DATA SUPPLIED:

◆ ◆ ◆

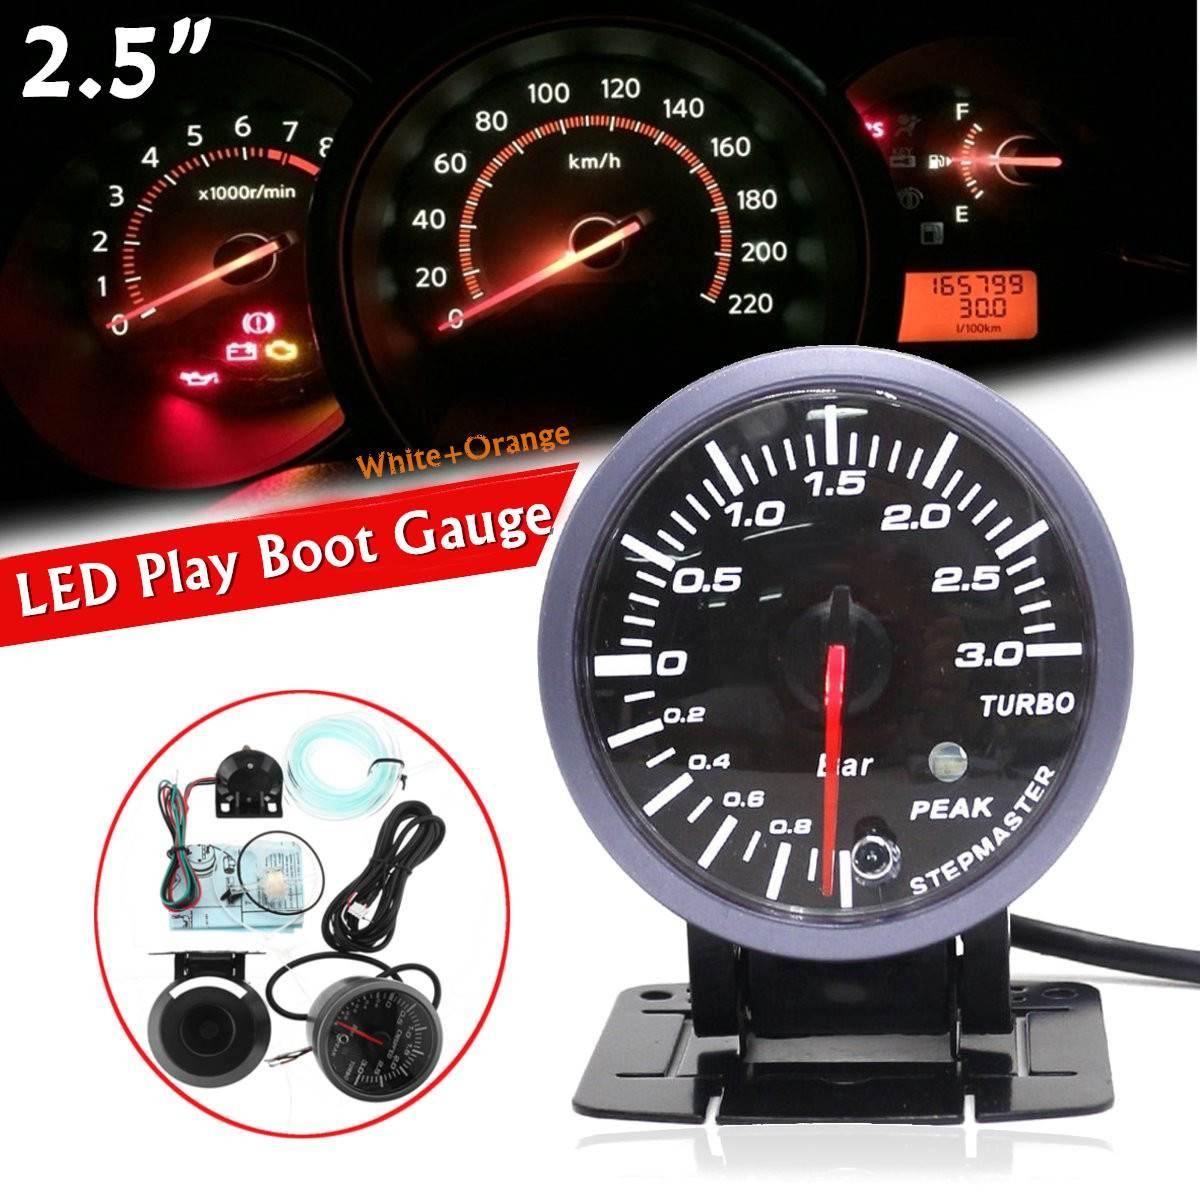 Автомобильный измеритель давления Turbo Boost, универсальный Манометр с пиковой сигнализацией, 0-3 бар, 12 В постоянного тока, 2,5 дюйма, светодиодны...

◆ ◆ ◆

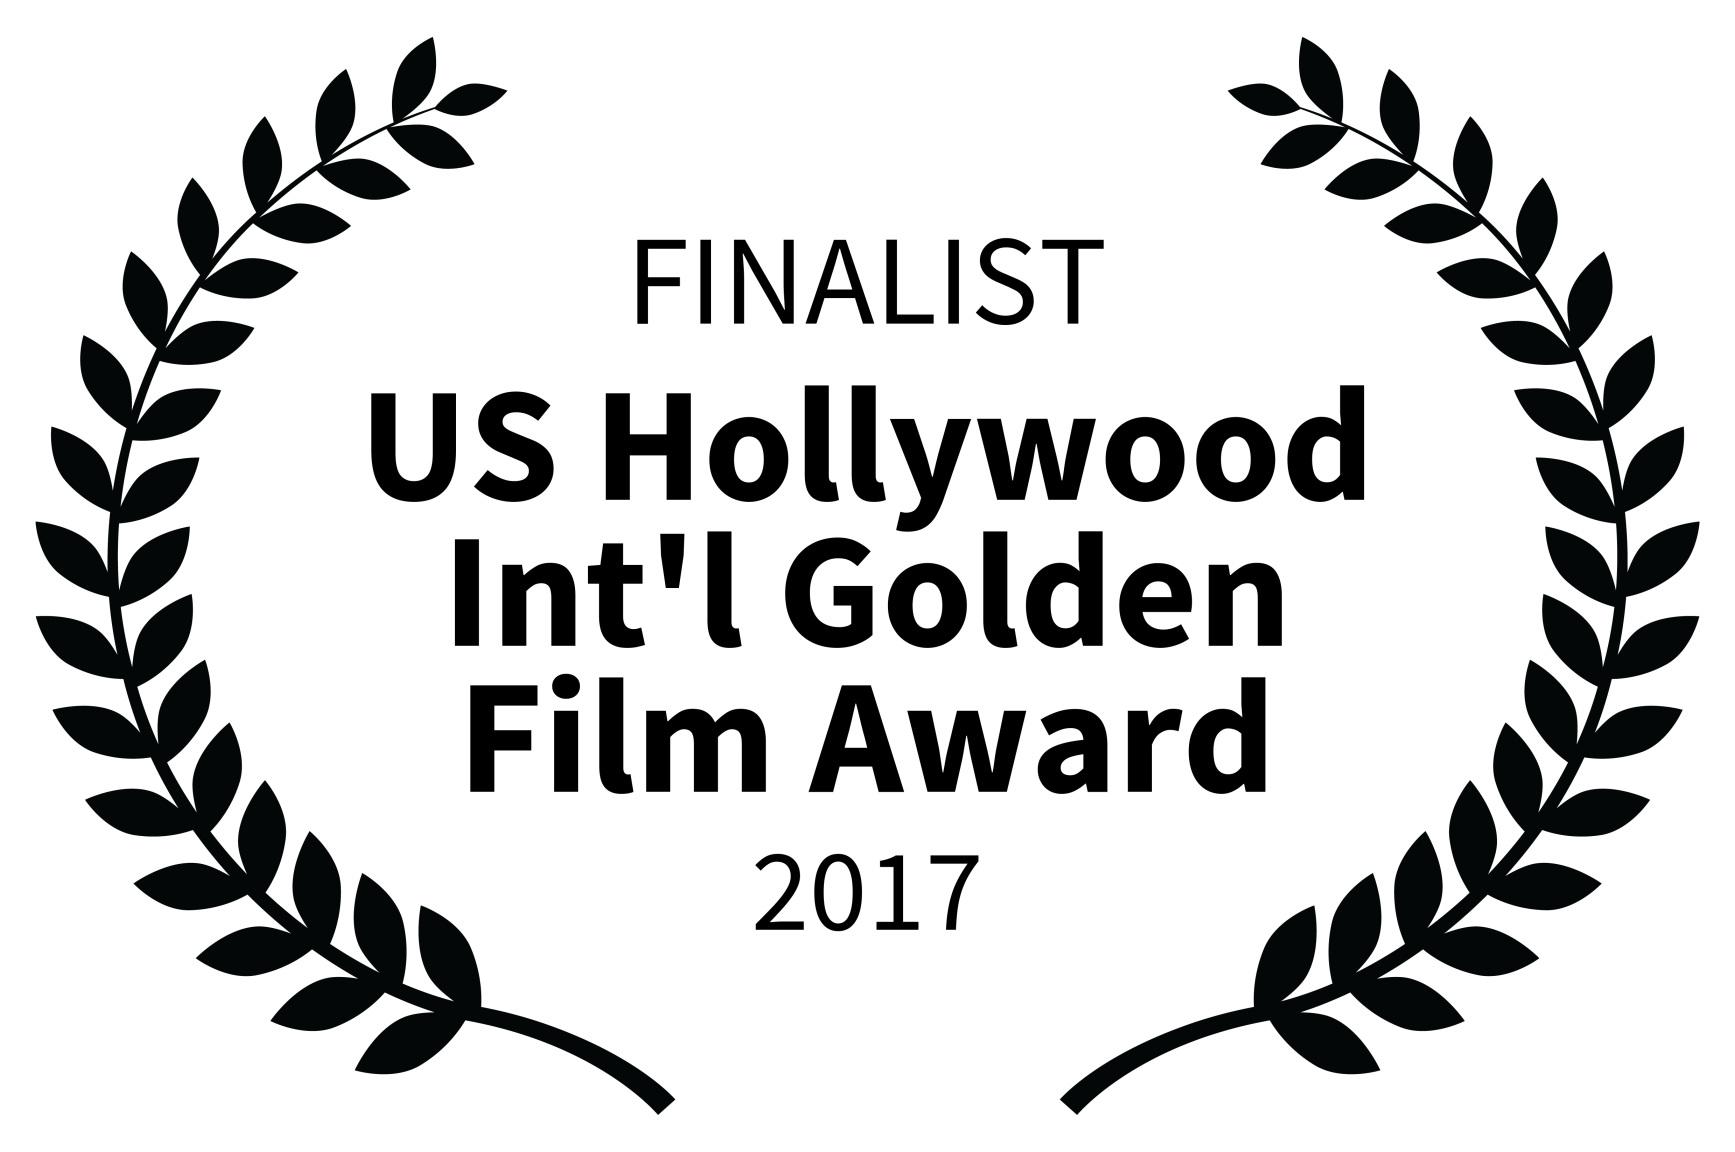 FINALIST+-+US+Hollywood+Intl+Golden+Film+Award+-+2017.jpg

◆ ◆ ◆

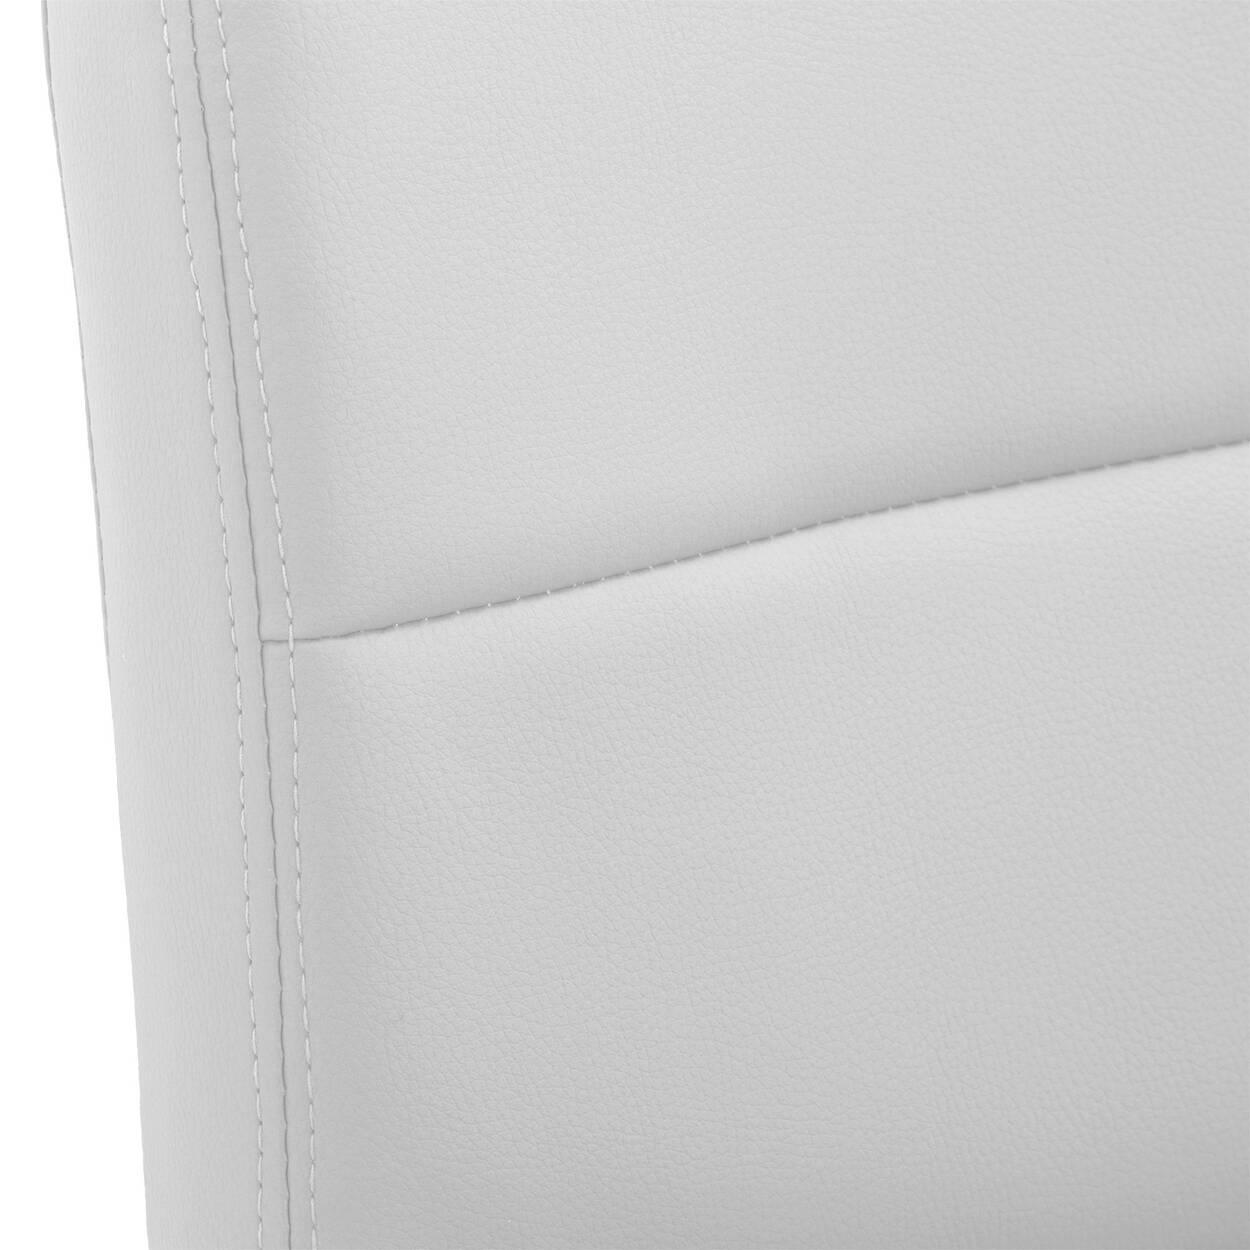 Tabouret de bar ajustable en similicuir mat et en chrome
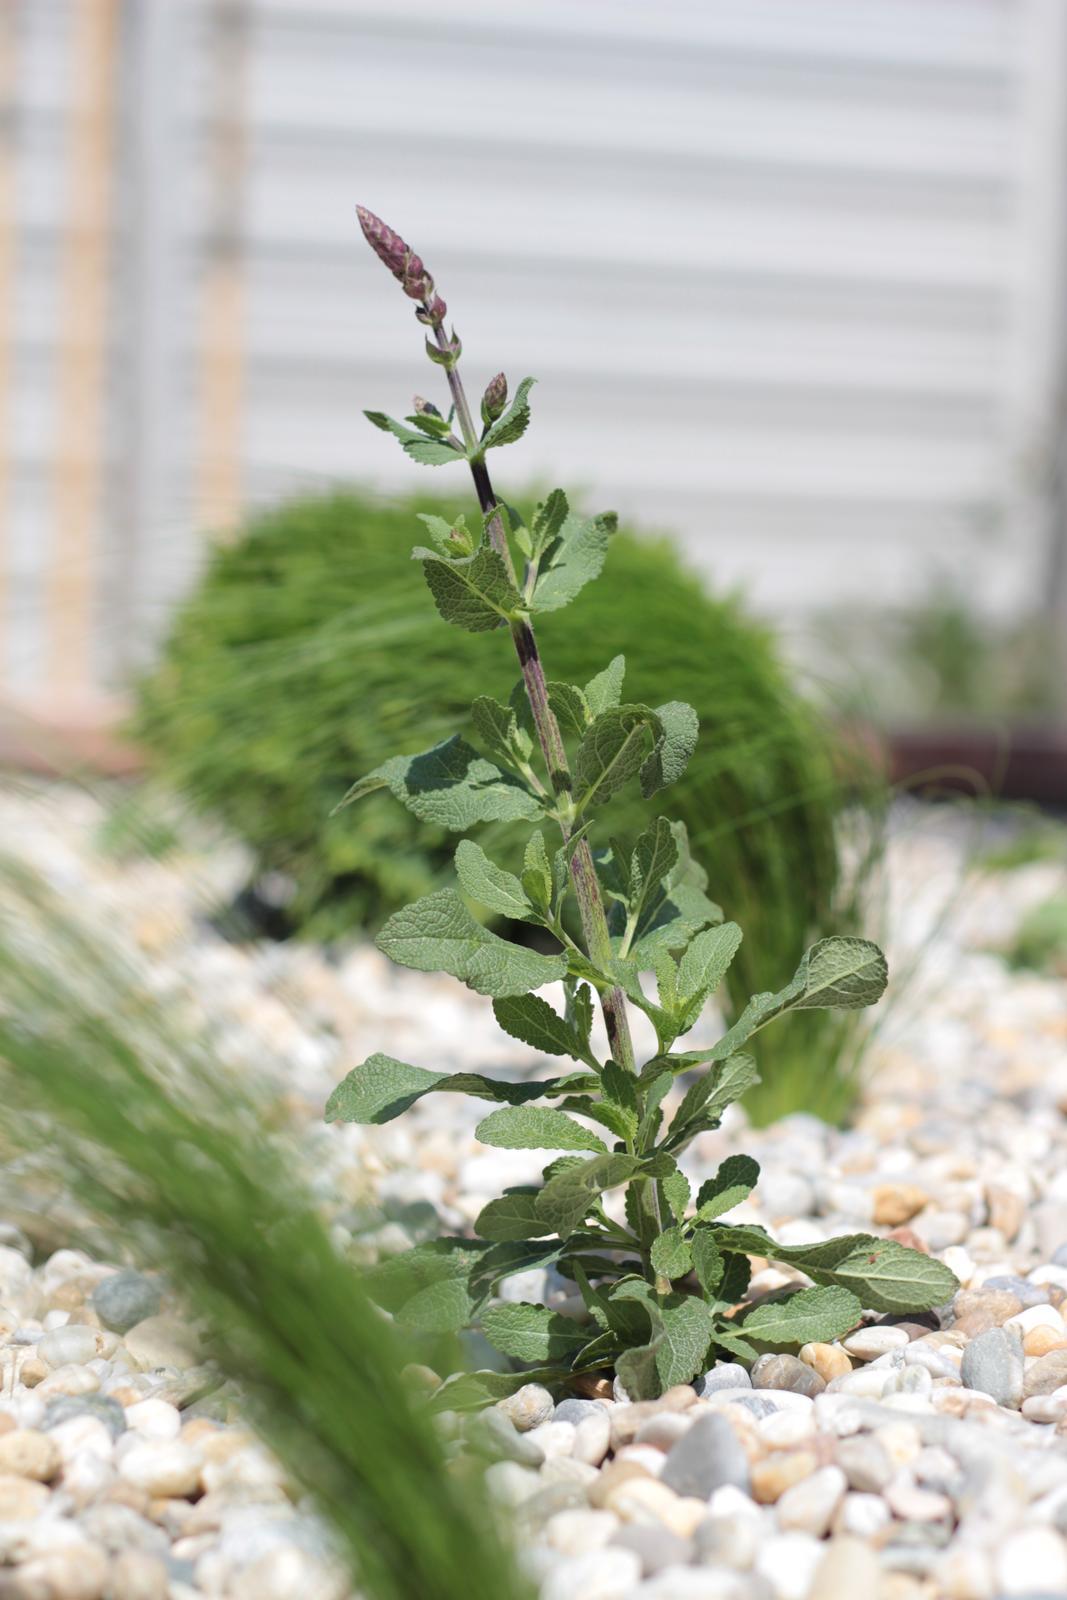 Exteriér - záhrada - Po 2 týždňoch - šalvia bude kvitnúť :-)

◆ ◆ ◆

Skipping every picture, transcribe exactly the lines above from the one containing "Tabouret de bar" through the one containing "Exteriér - záhrada", both included.

OUTPUT FOR THIS TASK:
 Tabouret de bar ajustable en similicuir mat et en chrome
 Exteriér - záhrada - Po 2 týždňoch - šalvia bude kvitnúť :-)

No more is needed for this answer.